Он достал из портфеля толстую рукопись и положил перед собой.
"Надо отказаться, вот сейчас же надо отказаться!" - торопливо подумала Евлалия
Григорьевна, но голос Семенова был тверд, и толстая рукопись смотрела уверенно. И
голос и рукопись подавляли ее, и она слегка заметалась, но промолчала.
- В одном экземпляре и - вот как здесь! - сказал Семенов и положил ладонь на рукопись.
Он только положил, но Евлалии Григорьевне показалось, что он придавил эту горку
бумаги, а вместе с тем придавил и ее саму: ее мысли и ее волю.
- Я у них аванс взял! - спокойно продолжал Семенов. - Может быть, понадобится вам?
Двести рублей. А когда перепечатаете, тогда и полный расчет. Они по два рубля с листа
платят.
Он достал из бумажника деньги, положил их на рукопись и присунул все это к Евлалии
Григорьевне. А та, даже не пытаясь сопротивляться, опустила глаза: ей не хотелось
только одного, чтобы Семенов подумал, будто она смотрит на деньги.
- За месяц справитесь? - деловито спросил Семенов.
-Я...
- Я через месяц пришлю к вам за нею! - отстраняя своим безапелляционным тоном
всякие возражения, закончил Семенов. - За бумагу и за копирку представите особый счет.
Так справитесь за месяц?
- Я... Я, вероятно, успею недели через три, но... - через силу выдавила из себя Евлалия
Григорьевна. - Но я не знаю...
- Не обещай! - мягко и чуть ли даже не нежно остановил ее Григорий Михайлович. -
Если бы ты целые дни была свободна, тогда, конечно, и через три недели ты смогла бы...
Но ведь ты целые дни на службе сидишь... На работе то есть! - быстро поправился он. -
Поэтому ты сможешь перепечатывать только по вечерам, и...

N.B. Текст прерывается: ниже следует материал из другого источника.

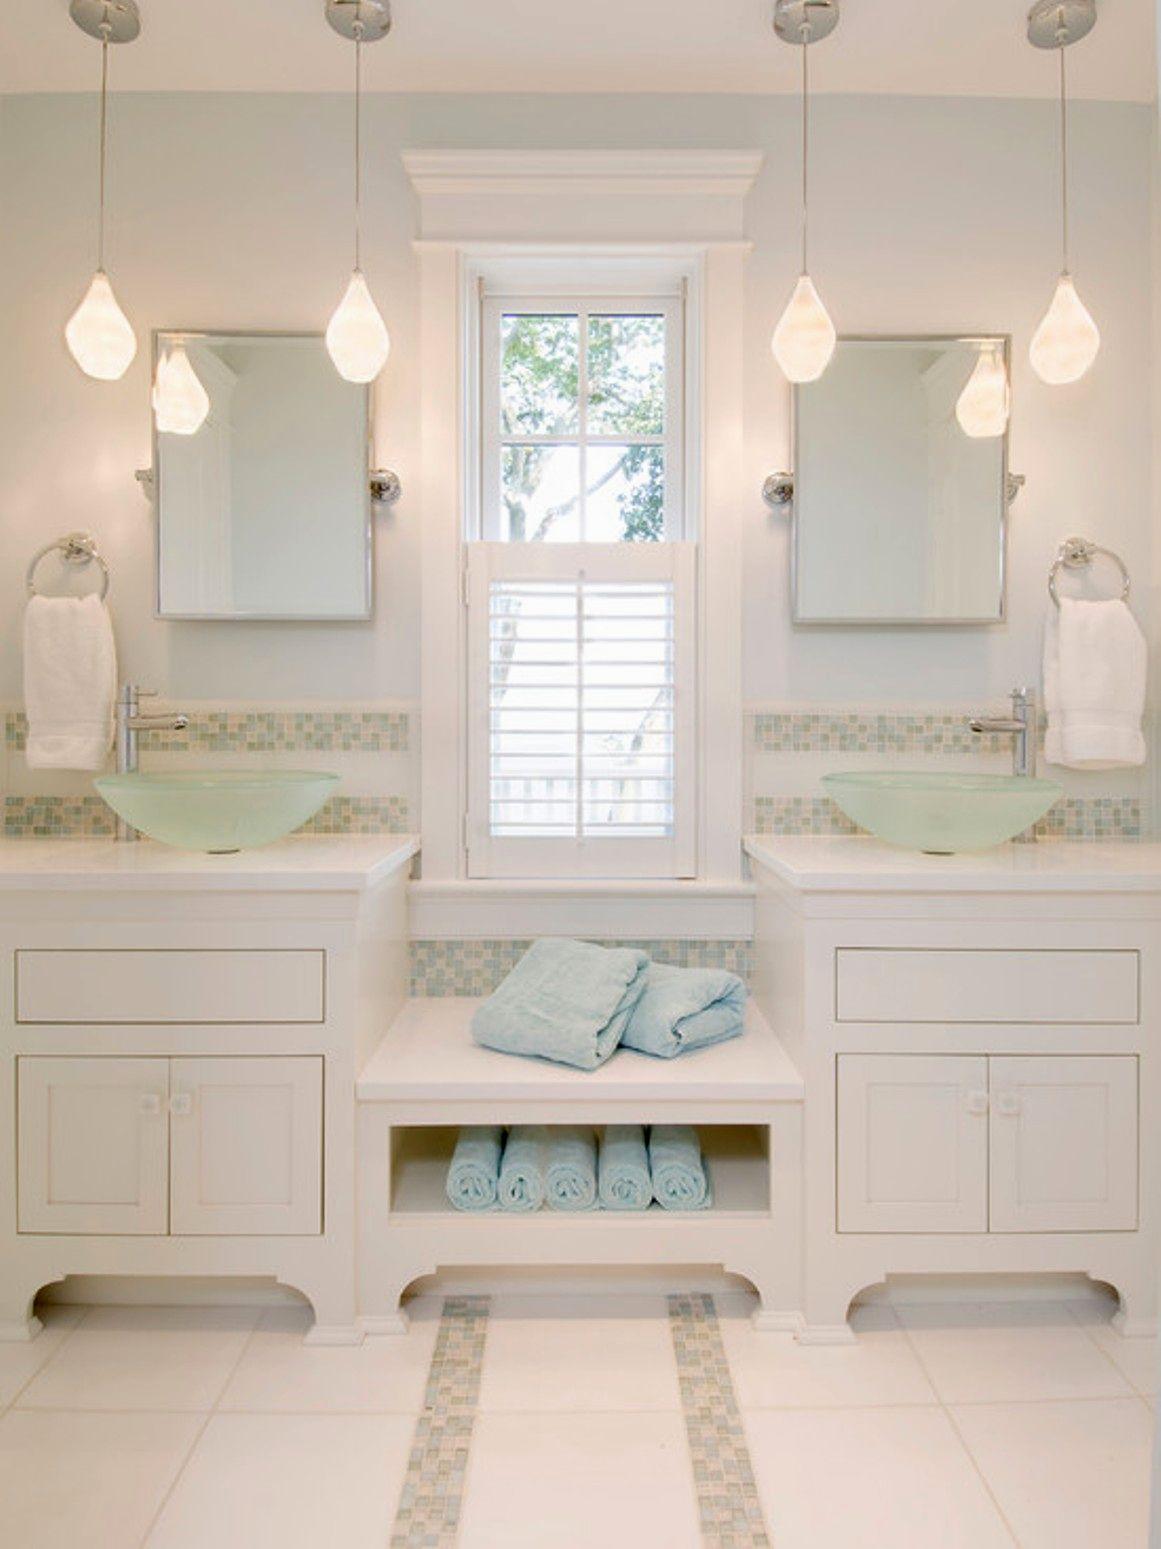 awesome small bathroom tiles design concept-Contemporary Small Bathroom Tiles Design Architecture

- Ах, да! - сообразил Семенов. - Это, конечно, так: заняты вы. Вот если бы... Впрочем,
ладно: подумаю. Я ведь про что говорю? - обратился он к Евлалии Григорьевне. - Ведь
чем скорее вы кончите, тем для вас же будет лучше, потому что работы там много, и вы
здорово подработать сможете. Но если вам целые дни в вашем местпроме торчать, тогда,
конечно... Впрочем, подумаю!
Григорий Михайлович сел наконец на стул и пригладил ладонями скатерть перед собой.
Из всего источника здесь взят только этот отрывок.